-- Exercise data follows --
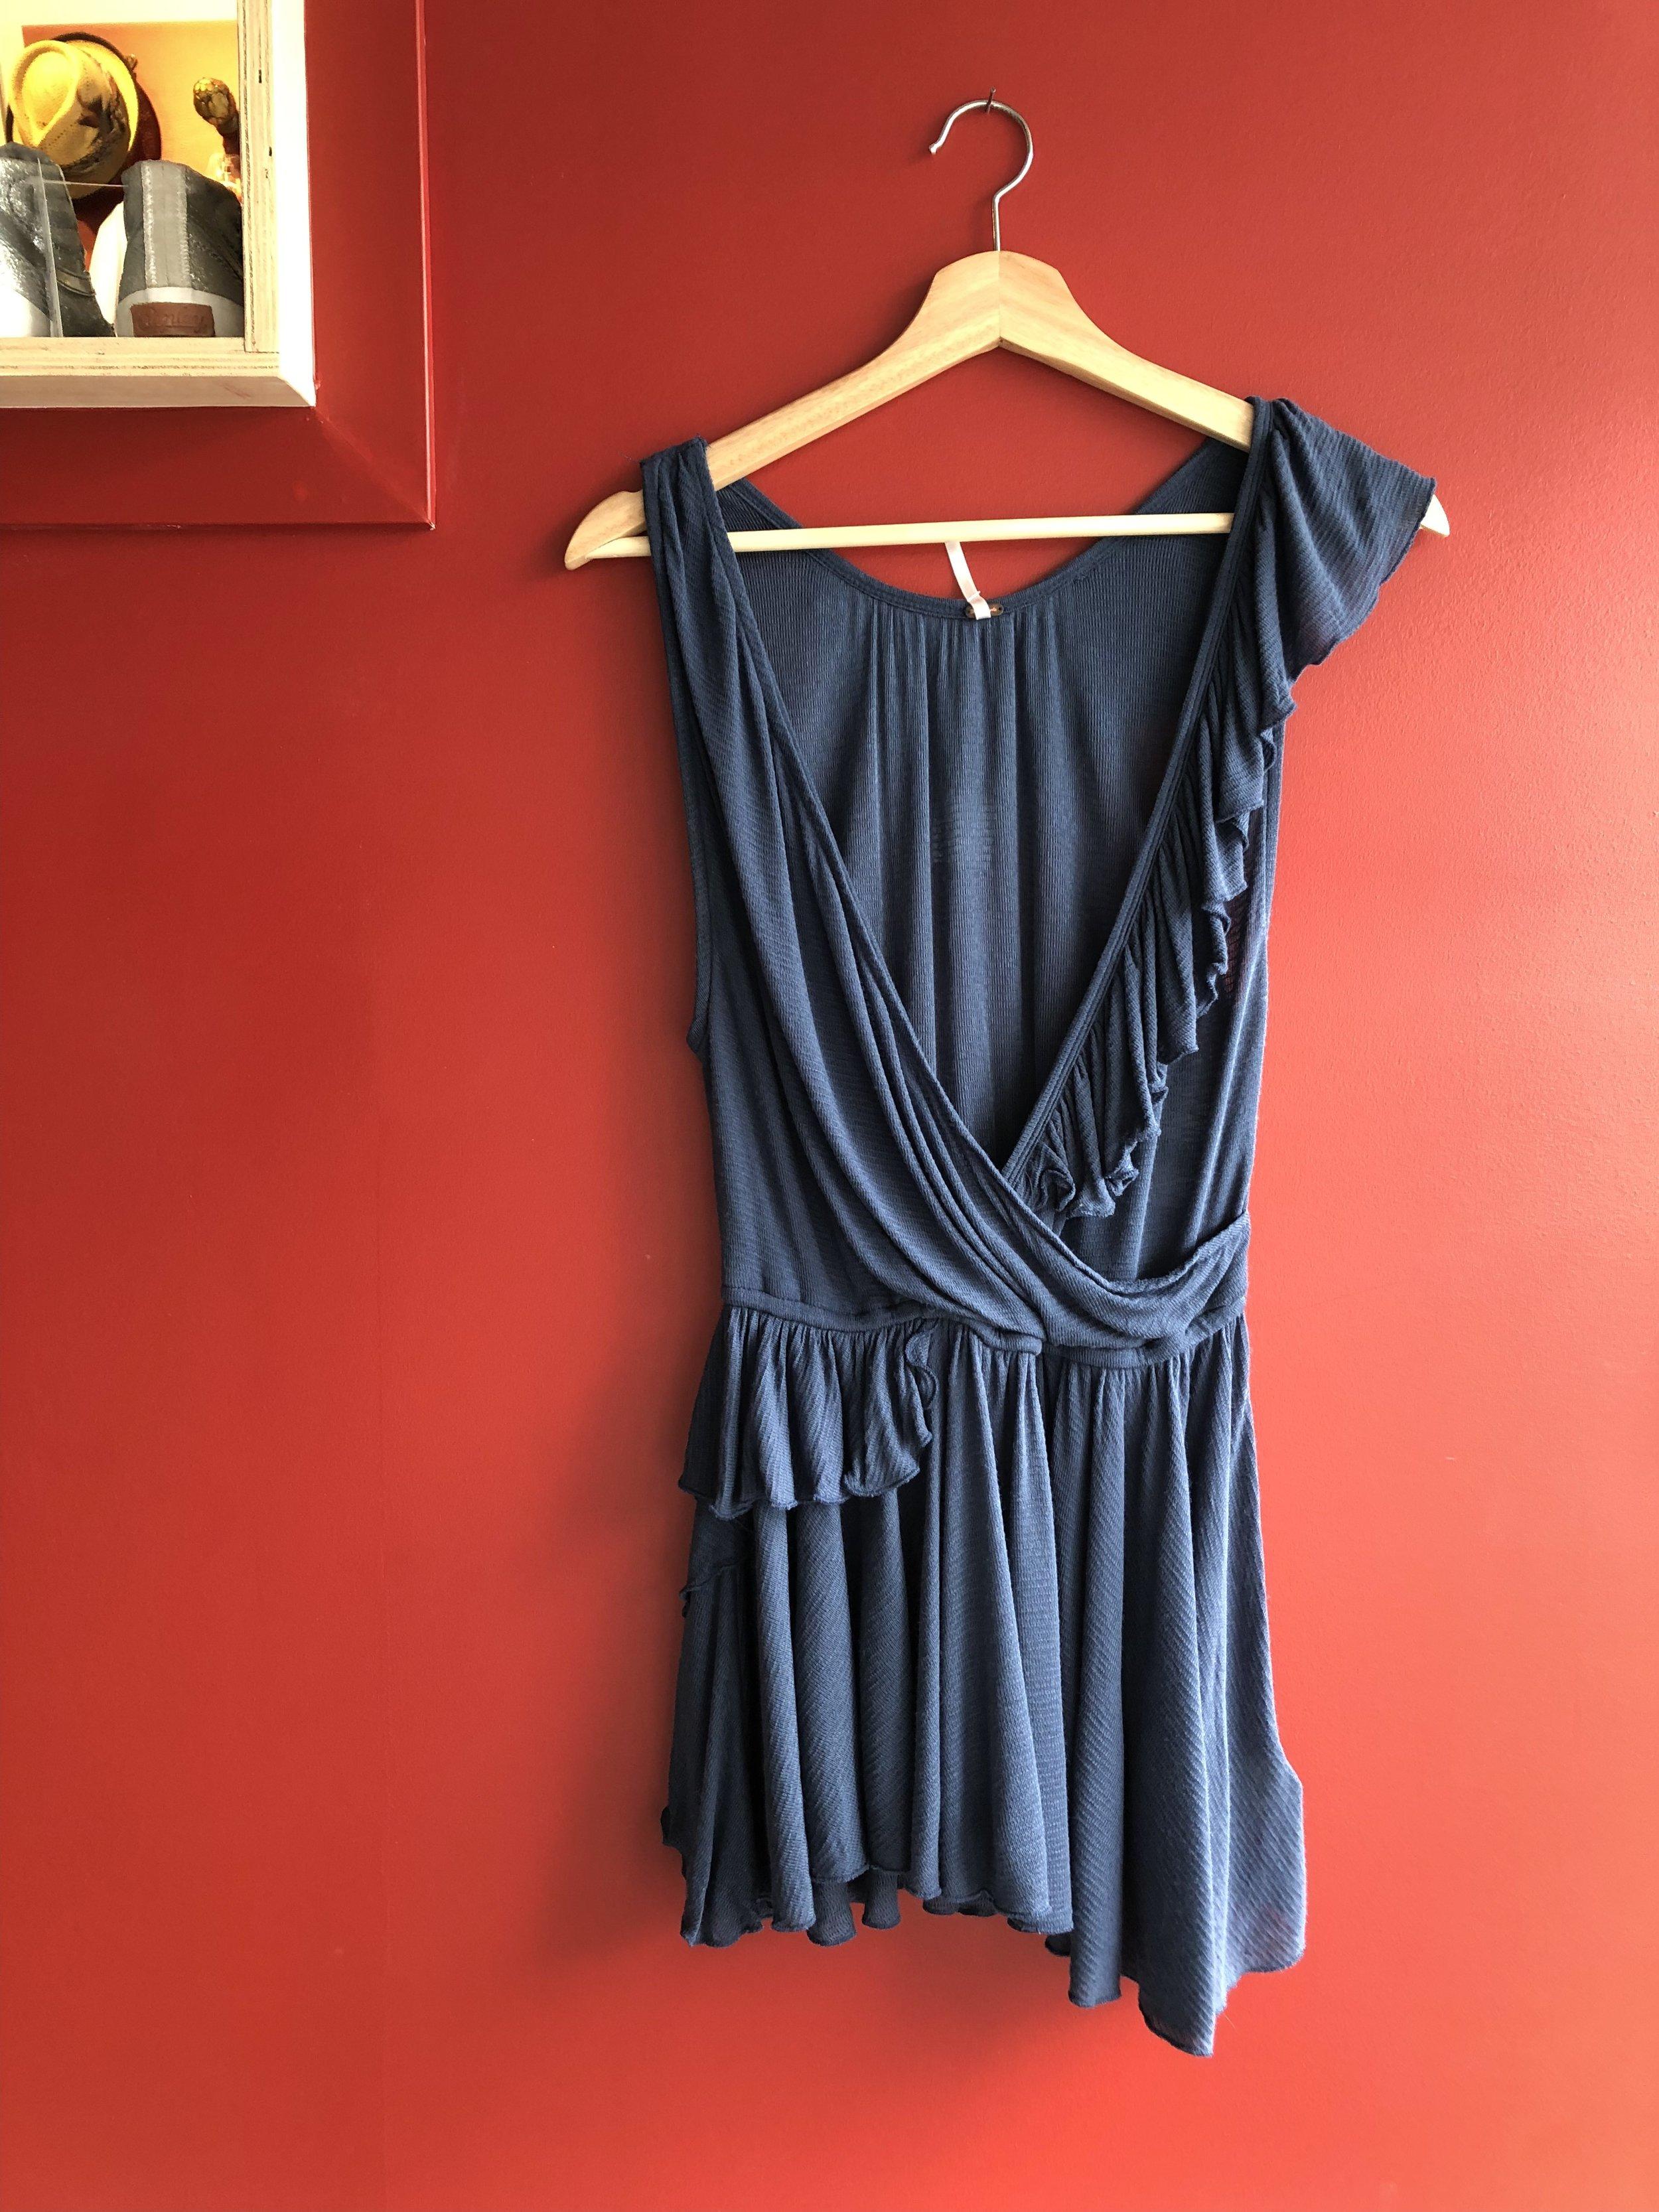 Size M, $32
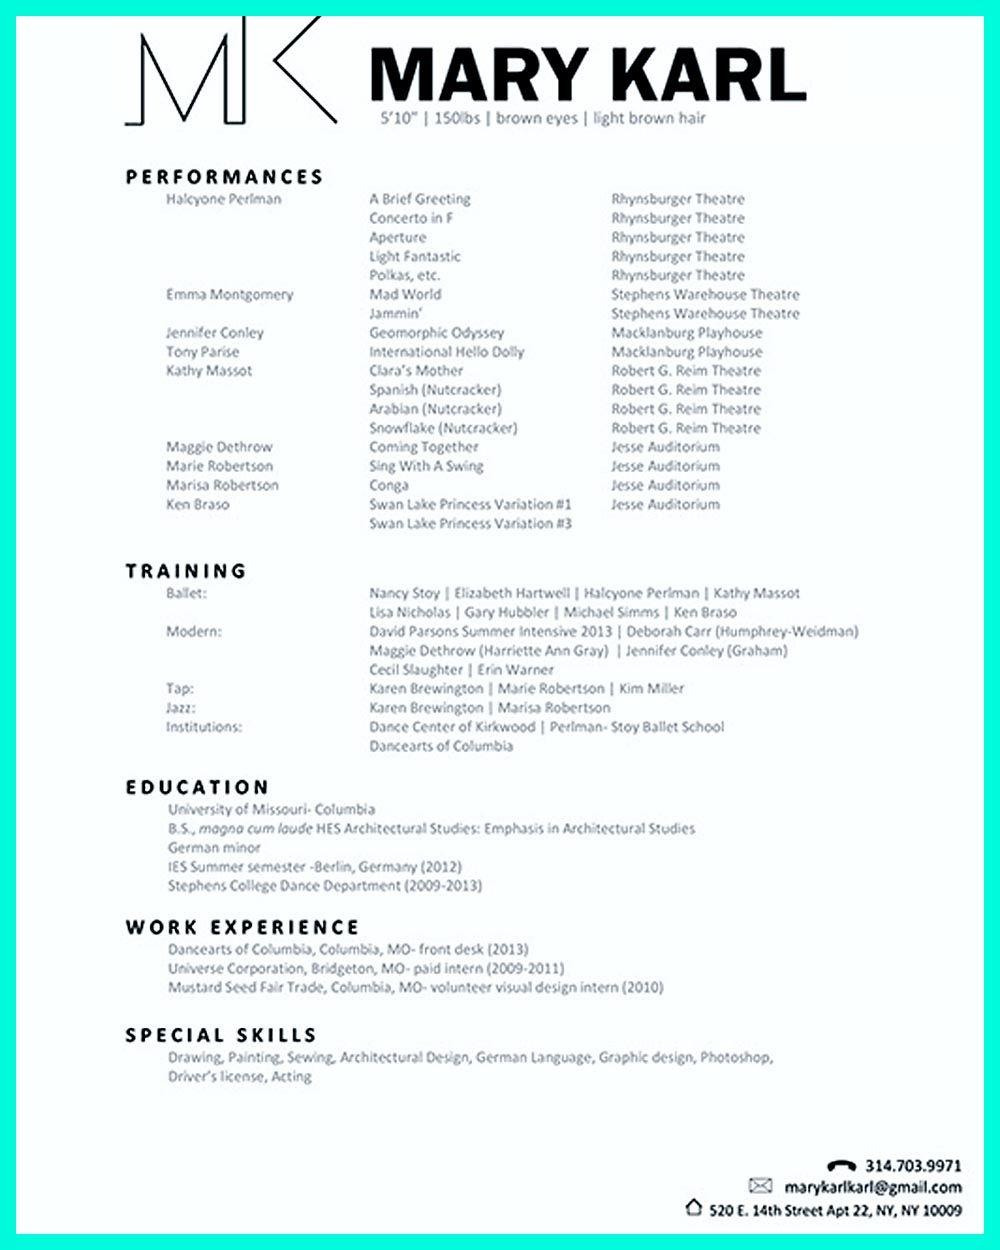 dance audition resume dance audition resume sample dance audition resume template dance audition resume example college dance audition resume dance resume for audition dance resume for college audition resume for dance audition template child dance resume for audition
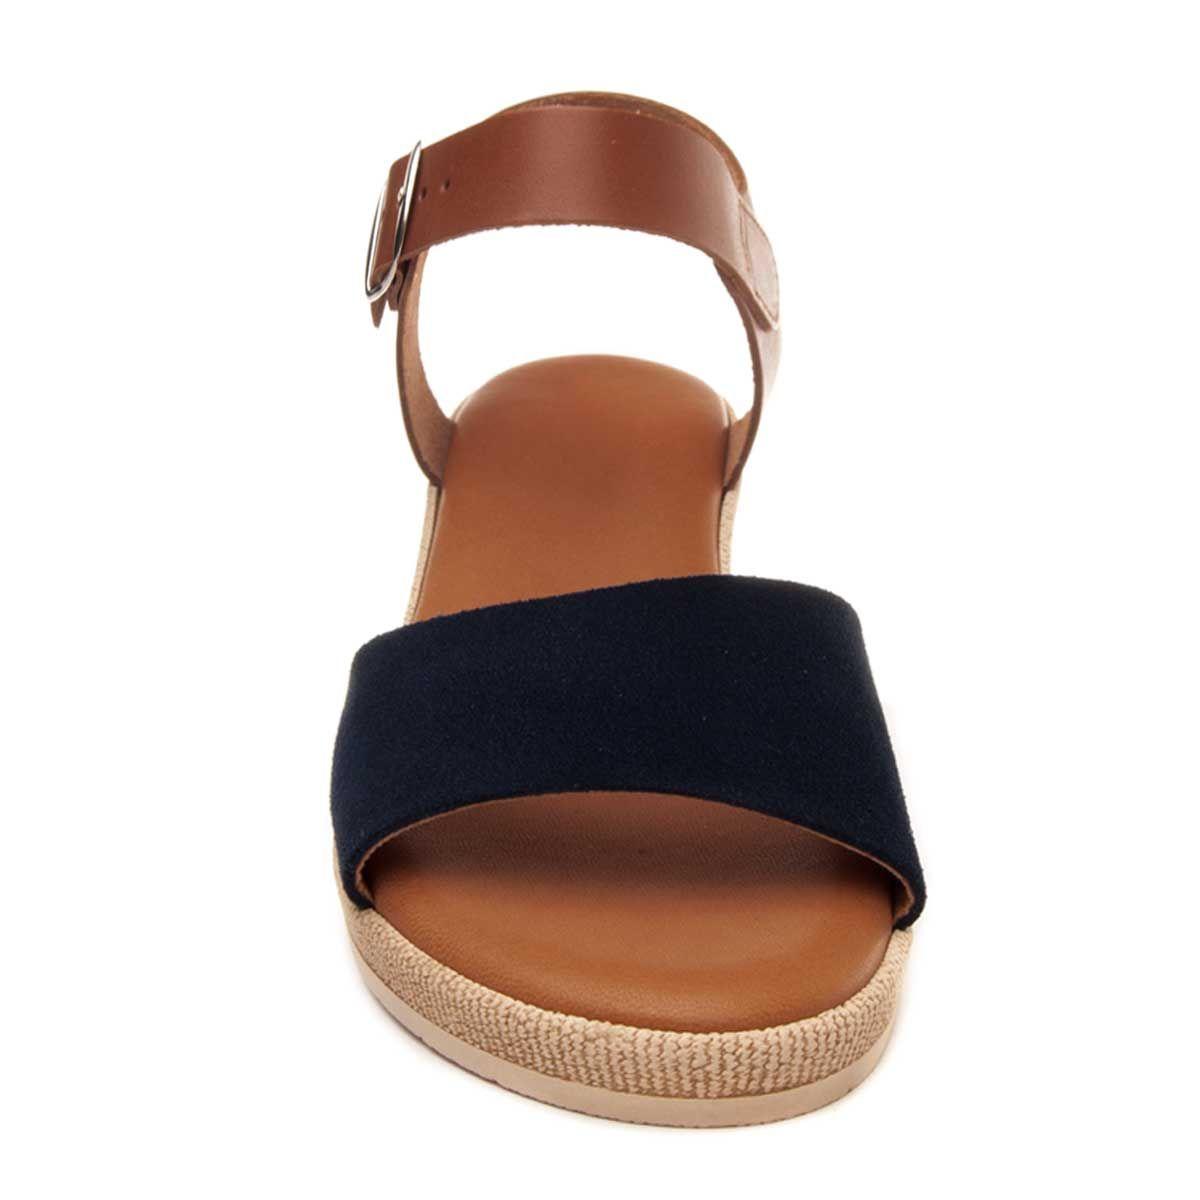 Purapiel Wedge Sandal in Blue
-- Exercise data concluded --
> **Exercise details**:
Repeat the material verbatim but without any of its pictures.

> **The completed task**:
 Size M, $32
 dance audition resume dance audition resume sample dance audition resume template dance audition resume example college dance audition resume dance resume for audition dance resume for college audition resume for dance audition template child dance resume for audition
 Purapiel Wedge Sandal in Blue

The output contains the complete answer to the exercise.